Dataset extract →
□ □ □

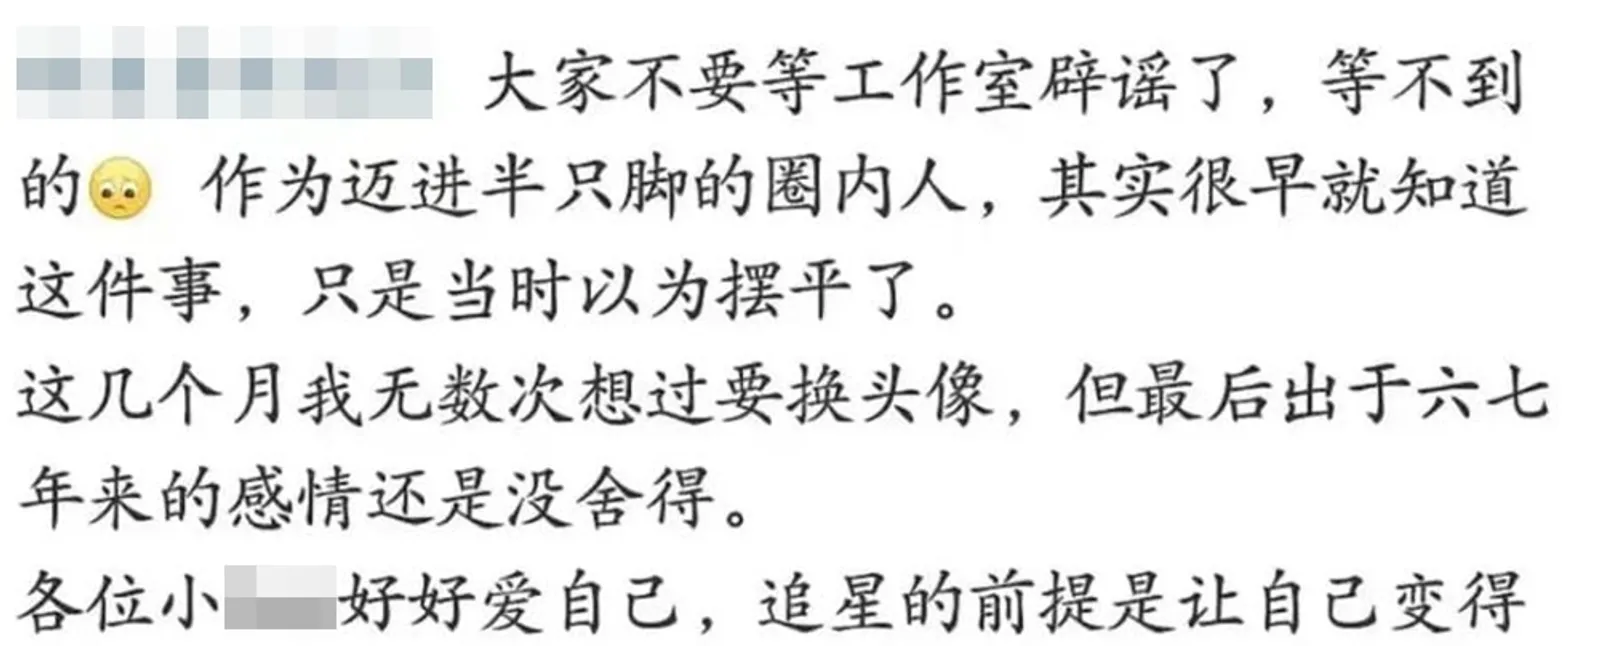 Li Yifeng Terlibat Kasus Prostitusi, Ini 6 Kronologi Penangkapannya
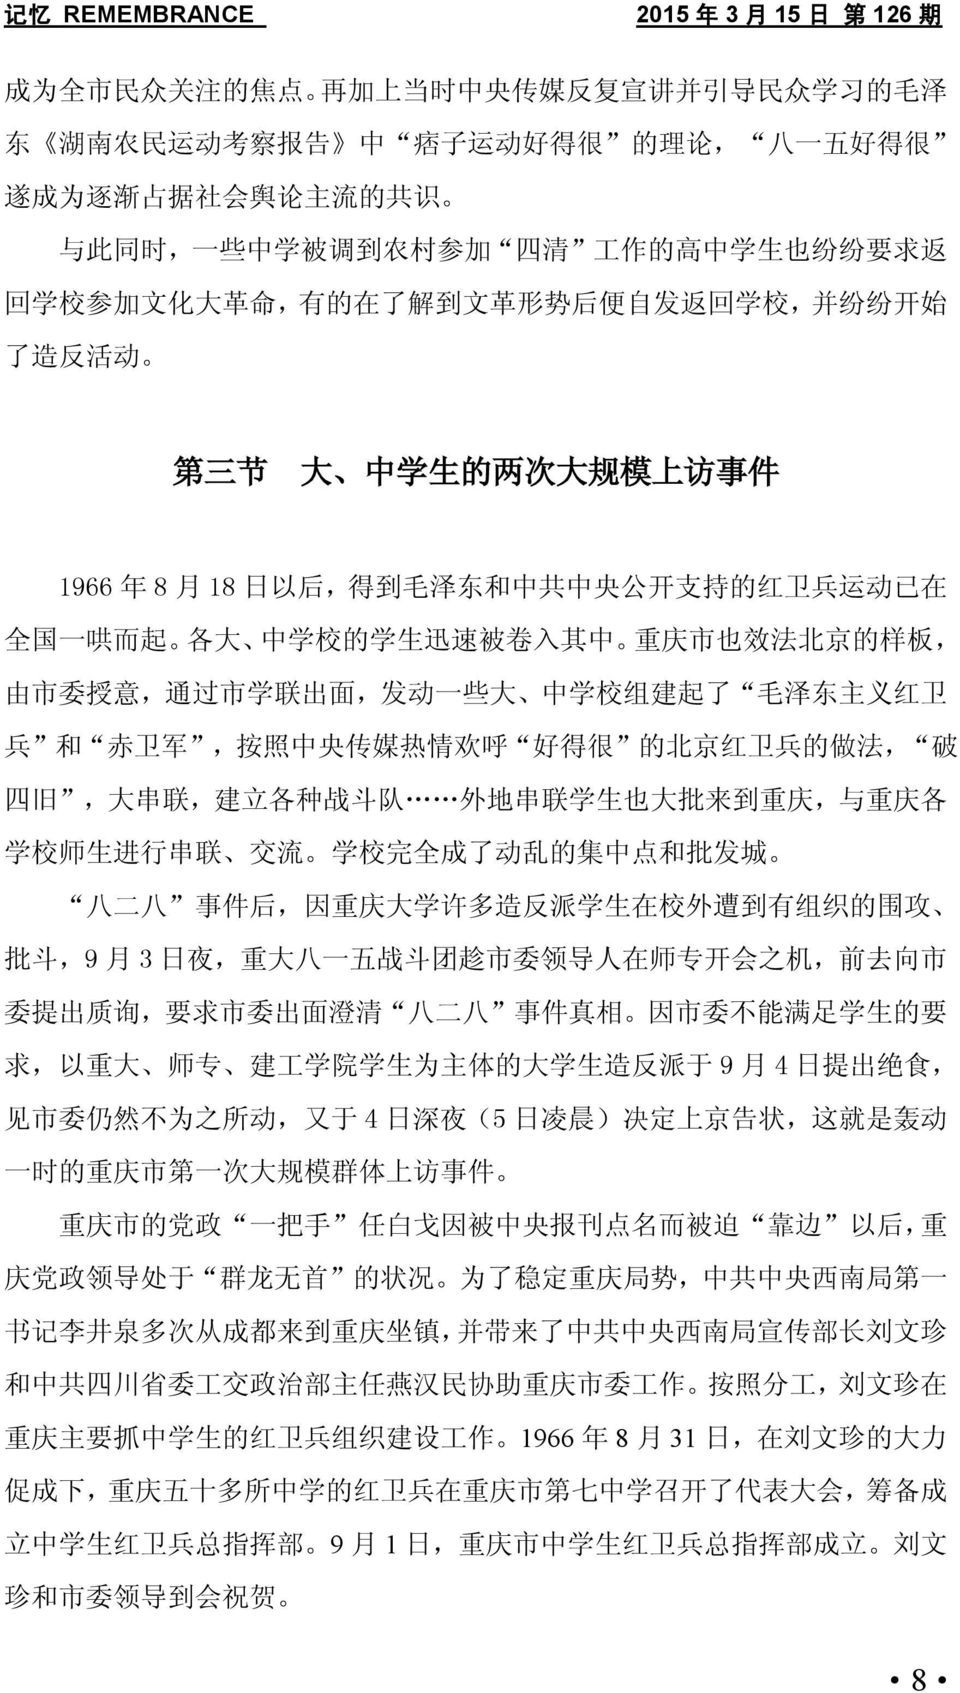 一 哄 而 起 各 大 中 学 校 的 学 生 迅 速 被 卷 入 其 中 重 庆 市 也 效 法 北 京 的 样 板, 由 市 委 授 意, 通 过 市 学 联 出 面, 发 动 一 些 大 中 学 校 组 建 起 了 毛 泽 东 主 义 红 卫 兵 和 赤 卫 军, 按 照 中 央 传 媒 热 情 欢 呼 好 得 很 的 北 京 红 卫 兵 的 做 法, 破 四 旧, 大 串 联, 建 立
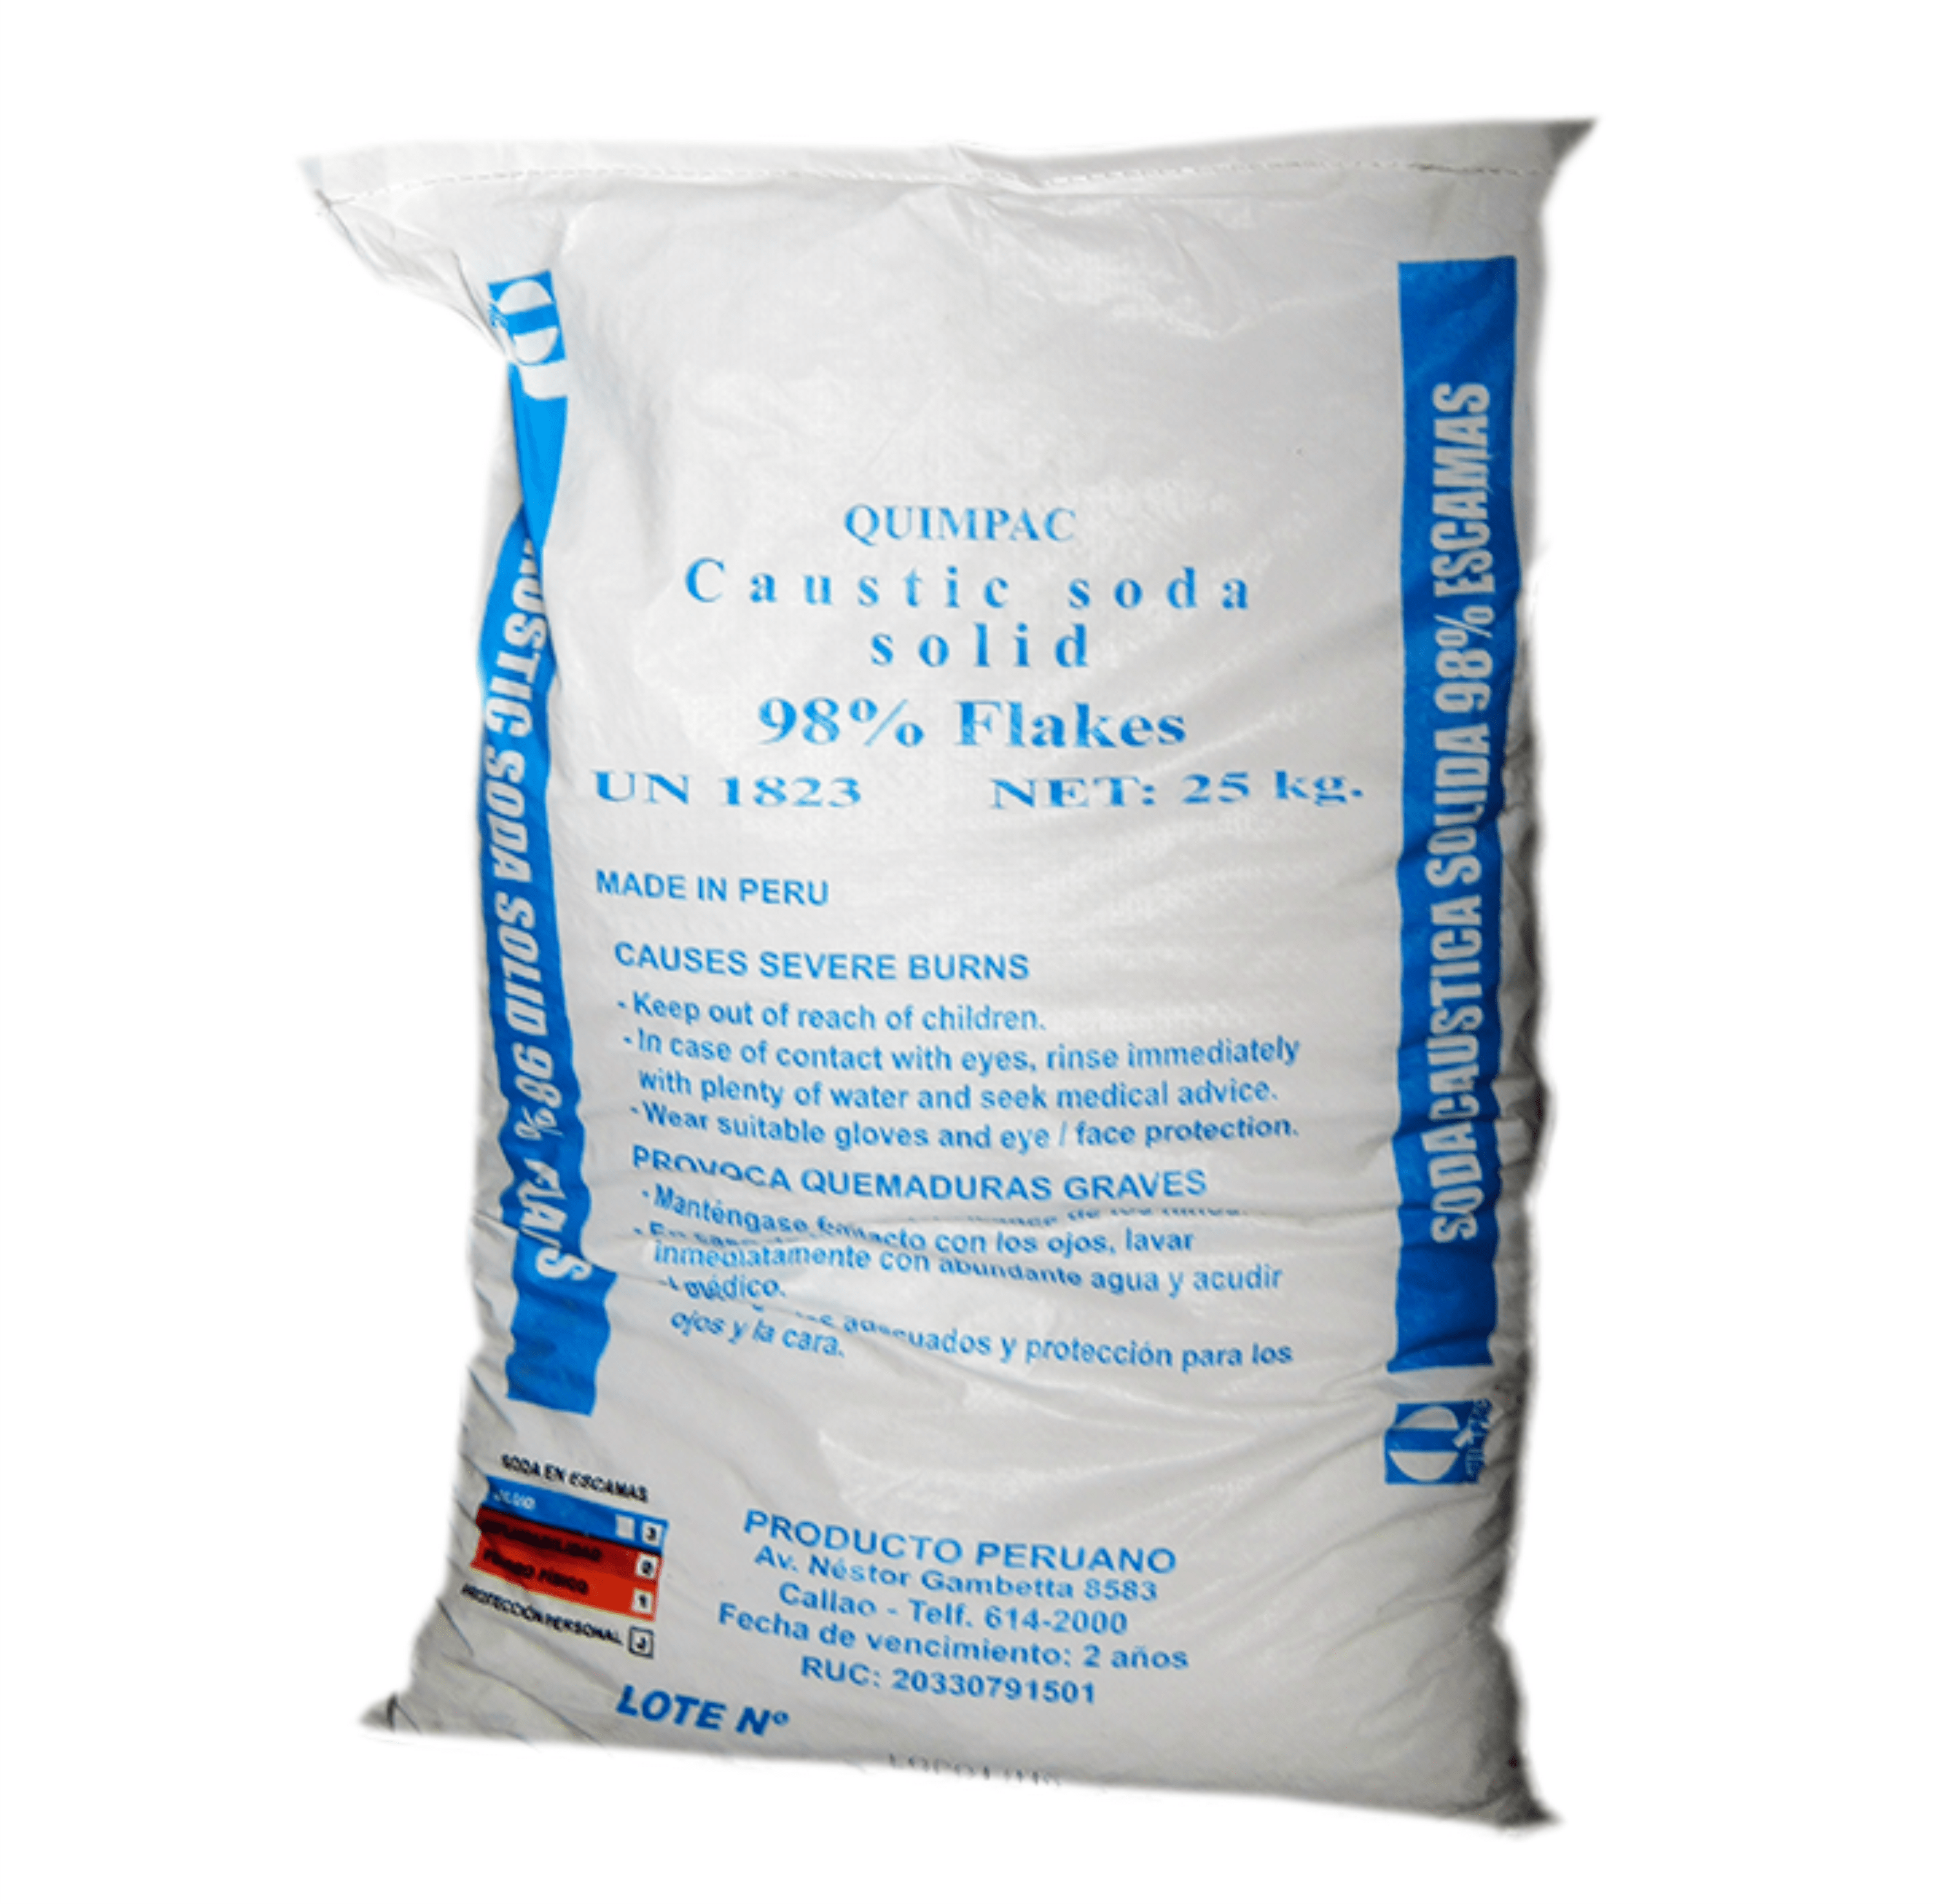 Hidróxido Cálcico -Cal en Polvo- (Saco 14 kg.)

□ □ □

Aim of the task → Copy the full listing above exactly, apart from the pictures.

Task result →
 Li Yifeng Terlibat Kasus Prostitusi, Ini 6 Kronologi Penangkapannya
 一 哄 而 起 各 大 中 学 校 的 学 生 迅 速 被 卷 入 其 中 重 庆 市 也 效 法 北 京 的 样 板, 由 市 委 授 意, 通 过 市 学 联 出 面, 发 动 一 些 大 中 学 校 组 建 起 了 毛 泽 东 主 义 红 卫 兵 和 赤 卫 军, 按 照 中 央 传 媒 热 情 欢 呼 好 得 很 的 北 京 红 卫 兵 的 做 法, 破 四 旧, 大 串 联, 建 立
 Hidróxido Cálcico -Cal en Polvo- (Saco 14 kg.)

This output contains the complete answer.